Сергей Николаевич с удивлением смотрел на этого человека, строго и решительно читающего ему наставление, как вести себя. До сих пор никто не мог упрекнуть его в отсутствии выдержки. Он воспитывал в себе эту черту характера годами, терпеливо и неуклонно, простым и верным способом – не давая себе воли в проявлении гнева, раздражения по отношению к окружающим его людям. Он вызывал к себе уважение среди своих товарищей именно этой удивительной выдержкой, и вдруг чужой, почти незнакомый человек делает ему такое замечание… Сергей Николаевич чувствовал, что кровь приливает к его щекам. Но Мирон Дмитриевич ласково усмехнулся и похлопал его по плечу:

– Ну добре, хлопче! Так – не так, а к утру машина будет. Пойдём сейчас до моей хаты. Там я распорядился, чтоб нам жинка повечерять приготовила, бо такая перепалка, що некогда и поесть. Пошли! Берите своё имущество! Где оно есть?

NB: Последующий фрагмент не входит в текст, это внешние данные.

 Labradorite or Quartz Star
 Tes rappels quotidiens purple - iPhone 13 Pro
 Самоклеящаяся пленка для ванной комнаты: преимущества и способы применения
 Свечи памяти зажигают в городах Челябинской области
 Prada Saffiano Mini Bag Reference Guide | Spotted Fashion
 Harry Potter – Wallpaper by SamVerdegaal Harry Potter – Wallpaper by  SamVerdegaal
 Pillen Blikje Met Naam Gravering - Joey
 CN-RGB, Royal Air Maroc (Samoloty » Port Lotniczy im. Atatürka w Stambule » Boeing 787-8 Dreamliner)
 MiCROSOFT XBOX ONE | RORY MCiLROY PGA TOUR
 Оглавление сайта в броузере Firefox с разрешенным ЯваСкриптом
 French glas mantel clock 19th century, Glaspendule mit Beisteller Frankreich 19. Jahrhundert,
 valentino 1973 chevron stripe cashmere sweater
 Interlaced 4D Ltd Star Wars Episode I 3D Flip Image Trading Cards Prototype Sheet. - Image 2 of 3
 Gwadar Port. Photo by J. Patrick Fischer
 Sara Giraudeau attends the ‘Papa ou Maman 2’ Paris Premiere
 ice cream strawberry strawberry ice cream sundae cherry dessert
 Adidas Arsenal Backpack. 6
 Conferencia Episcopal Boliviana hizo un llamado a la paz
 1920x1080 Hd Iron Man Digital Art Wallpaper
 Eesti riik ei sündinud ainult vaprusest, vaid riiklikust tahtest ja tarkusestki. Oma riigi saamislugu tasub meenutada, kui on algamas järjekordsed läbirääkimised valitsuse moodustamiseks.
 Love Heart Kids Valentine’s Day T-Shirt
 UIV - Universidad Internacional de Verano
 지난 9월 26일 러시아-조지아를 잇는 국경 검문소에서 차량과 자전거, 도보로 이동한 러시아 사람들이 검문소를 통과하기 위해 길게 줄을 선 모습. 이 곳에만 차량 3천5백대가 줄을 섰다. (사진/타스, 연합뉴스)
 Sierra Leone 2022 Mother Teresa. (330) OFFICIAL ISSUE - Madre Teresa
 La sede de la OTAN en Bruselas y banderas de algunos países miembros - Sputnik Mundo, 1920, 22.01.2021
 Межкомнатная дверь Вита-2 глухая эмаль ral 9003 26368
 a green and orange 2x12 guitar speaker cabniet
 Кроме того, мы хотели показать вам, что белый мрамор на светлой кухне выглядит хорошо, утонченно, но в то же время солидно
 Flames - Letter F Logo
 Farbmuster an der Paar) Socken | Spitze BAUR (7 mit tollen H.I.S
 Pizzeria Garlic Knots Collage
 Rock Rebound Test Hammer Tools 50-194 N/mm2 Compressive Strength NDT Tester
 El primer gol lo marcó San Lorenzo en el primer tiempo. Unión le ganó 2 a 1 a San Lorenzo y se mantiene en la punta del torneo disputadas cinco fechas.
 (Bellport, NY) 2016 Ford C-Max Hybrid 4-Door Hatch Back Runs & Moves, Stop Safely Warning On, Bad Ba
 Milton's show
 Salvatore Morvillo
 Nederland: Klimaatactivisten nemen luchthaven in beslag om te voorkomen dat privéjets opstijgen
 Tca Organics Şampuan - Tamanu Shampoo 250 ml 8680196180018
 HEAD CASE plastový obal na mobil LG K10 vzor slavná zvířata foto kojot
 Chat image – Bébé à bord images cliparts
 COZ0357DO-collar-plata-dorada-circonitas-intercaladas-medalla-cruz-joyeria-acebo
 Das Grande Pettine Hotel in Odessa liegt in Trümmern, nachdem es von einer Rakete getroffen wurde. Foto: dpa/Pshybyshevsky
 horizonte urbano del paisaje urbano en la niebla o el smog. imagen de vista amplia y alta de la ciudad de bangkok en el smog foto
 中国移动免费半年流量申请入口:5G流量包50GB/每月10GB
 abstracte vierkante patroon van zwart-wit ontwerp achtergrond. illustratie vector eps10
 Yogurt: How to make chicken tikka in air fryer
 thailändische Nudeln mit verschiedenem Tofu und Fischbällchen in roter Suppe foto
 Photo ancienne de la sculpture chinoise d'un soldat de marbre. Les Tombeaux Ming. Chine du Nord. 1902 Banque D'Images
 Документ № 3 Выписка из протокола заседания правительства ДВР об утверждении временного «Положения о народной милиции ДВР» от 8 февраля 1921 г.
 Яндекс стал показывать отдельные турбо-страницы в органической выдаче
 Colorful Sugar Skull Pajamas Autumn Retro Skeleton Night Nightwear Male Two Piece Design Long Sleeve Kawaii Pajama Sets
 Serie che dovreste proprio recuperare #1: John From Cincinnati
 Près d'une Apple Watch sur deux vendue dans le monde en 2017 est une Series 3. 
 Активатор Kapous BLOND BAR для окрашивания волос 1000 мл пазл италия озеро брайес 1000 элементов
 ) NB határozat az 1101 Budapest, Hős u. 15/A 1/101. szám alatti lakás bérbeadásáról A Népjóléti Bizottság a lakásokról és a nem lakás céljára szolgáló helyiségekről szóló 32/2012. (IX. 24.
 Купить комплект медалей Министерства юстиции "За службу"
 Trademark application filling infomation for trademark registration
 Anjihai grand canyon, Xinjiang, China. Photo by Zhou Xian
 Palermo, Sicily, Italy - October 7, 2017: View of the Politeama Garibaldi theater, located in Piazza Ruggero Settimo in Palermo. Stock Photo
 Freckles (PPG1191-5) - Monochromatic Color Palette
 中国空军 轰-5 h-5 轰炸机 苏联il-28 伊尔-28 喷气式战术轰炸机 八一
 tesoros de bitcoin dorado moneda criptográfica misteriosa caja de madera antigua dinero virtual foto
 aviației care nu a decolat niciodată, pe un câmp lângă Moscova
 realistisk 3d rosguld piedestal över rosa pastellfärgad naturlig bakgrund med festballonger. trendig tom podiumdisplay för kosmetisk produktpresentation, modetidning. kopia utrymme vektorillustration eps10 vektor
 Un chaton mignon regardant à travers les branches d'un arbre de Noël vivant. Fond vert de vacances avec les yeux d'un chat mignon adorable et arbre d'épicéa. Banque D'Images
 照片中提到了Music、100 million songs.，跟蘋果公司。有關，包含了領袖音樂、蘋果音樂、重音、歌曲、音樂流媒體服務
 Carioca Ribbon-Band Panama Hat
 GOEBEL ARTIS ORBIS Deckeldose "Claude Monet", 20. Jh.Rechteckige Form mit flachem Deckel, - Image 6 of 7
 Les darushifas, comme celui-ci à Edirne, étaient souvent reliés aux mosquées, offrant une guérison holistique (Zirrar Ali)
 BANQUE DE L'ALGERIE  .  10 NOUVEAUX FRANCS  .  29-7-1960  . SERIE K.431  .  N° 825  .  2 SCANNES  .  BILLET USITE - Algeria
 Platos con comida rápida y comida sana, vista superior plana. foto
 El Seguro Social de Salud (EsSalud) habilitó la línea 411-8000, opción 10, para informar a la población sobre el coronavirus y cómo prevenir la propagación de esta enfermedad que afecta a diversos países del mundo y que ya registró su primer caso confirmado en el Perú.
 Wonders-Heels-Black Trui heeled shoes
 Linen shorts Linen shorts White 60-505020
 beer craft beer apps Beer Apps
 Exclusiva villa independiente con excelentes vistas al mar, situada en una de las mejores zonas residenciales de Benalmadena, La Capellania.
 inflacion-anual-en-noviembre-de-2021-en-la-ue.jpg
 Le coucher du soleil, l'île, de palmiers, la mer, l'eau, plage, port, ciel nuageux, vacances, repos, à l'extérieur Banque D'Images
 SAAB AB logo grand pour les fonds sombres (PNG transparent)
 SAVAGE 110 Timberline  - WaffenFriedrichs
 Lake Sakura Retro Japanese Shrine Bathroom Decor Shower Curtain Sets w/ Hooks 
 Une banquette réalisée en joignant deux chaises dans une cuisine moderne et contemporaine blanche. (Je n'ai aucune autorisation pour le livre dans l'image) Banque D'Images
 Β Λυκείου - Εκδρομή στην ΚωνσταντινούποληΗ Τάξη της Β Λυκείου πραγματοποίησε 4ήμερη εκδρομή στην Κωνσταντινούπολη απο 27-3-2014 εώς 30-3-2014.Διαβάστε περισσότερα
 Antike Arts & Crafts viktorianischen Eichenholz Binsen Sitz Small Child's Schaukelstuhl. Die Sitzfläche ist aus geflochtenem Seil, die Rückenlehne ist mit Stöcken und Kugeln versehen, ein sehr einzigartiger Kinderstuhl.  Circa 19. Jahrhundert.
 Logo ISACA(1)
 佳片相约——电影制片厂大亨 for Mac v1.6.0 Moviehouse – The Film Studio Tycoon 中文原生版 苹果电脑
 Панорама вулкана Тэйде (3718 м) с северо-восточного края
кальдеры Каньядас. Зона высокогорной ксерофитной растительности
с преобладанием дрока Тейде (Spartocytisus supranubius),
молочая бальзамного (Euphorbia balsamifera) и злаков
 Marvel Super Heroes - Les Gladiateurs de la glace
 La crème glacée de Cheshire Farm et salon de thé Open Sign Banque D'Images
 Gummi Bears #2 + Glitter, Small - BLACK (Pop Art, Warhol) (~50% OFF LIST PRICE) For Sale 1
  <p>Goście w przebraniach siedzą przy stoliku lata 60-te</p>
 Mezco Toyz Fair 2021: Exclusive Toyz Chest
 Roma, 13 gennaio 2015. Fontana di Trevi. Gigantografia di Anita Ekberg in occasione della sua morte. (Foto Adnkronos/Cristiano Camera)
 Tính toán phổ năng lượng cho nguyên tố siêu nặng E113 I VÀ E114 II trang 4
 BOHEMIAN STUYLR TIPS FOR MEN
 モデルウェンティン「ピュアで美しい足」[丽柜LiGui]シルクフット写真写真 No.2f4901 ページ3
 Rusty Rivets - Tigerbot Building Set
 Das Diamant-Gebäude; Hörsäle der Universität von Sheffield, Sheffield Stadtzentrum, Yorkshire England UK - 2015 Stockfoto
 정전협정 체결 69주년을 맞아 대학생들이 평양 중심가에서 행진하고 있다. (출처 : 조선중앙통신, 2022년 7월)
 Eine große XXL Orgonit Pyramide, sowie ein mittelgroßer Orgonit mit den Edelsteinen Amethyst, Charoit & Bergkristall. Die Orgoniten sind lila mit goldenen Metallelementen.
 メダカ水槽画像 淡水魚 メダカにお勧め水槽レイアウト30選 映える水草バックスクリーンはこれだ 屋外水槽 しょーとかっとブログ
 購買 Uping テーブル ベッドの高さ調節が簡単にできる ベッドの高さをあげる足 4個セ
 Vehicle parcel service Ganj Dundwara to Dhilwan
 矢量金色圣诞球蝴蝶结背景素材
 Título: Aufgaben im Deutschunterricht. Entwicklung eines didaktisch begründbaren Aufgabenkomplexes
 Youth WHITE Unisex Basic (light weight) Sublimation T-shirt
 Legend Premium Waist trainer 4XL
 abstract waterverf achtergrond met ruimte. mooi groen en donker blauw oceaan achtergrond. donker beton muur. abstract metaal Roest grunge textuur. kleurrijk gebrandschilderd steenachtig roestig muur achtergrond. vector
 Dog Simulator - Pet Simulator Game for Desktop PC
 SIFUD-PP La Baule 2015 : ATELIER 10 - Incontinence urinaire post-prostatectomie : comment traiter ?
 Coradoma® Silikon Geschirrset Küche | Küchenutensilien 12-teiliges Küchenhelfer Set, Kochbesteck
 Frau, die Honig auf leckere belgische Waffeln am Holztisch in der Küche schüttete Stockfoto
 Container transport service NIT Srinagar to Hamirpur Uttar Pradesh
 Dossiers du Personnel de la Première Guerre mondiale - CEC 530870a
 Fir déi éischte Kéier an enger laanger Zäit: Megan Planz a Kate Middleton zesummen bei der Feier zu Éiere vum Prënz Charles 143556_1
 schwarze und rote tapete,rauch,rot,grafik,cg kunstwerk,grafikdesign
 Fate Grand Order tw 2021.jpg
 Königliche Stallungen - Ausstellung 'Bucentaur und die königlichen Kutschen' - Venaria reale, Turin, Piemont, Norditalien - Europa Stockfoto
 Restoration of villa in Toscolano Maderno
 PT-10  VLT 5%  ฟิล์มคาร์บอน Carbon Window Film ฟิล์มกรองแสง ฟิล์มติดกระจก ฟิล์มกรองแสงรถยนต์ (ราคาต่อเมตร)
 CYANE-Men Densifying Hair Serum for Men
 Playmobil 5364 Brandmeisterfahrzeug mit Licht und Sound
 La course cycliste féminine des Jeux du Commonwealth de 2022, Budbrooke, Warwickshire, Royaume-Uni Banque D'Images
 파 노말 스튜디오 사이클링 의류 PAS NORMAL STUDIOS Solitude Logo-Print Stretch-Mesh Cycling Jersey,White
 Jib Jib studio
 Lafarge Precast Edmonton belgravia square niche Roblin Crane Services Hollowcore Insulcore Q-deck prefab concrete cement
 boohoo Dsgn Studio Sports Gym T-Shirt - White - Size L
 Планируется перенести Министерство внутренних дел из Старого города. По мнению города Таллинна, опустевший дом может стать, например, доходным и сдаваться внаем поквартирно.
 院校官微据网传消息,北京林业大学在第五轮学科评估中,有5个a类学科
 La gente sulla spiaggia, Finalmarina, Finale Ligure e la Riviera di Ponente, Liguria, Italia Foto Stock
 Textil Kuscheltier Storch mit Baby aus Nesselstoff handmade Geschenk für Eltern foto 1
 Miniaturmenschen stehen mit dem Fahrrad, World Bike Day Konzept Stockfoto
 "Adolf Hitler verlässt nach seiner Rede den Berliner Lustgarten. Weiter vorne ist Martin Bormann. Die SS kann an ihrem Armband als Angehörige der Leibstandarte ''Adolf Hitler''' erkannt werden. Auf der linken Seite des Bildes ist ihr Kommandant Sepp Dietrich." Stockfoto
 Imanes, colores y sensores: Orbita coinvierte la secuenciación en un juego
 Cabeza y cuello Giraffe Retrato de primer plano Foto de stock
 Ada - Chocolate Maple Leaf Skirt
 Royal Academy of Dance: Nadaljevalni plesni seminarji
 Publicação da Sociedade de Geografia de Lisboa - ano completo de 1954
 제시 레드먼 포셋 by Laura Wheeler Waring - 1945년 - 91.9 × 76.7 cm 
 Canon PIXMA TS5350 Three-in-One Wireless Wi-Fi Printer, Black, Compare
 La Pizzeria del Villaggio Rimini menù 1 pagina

Он ухватил рюкзак и потащил за собой ошеломлённого Сергея Николаевича через двор к маленькой белой хате с железной крышей. Во дворе было темно, где-то нетерпеливо мычала корова, из ворот выезжал трактор.

– Ну як? Починился? Живо давай! Чтоб у меня к завтрему зерно в мешках было! – крикнул в темноту Мирон Дмитриевич, толкая дверь хаты и пропуская вперёд учителя.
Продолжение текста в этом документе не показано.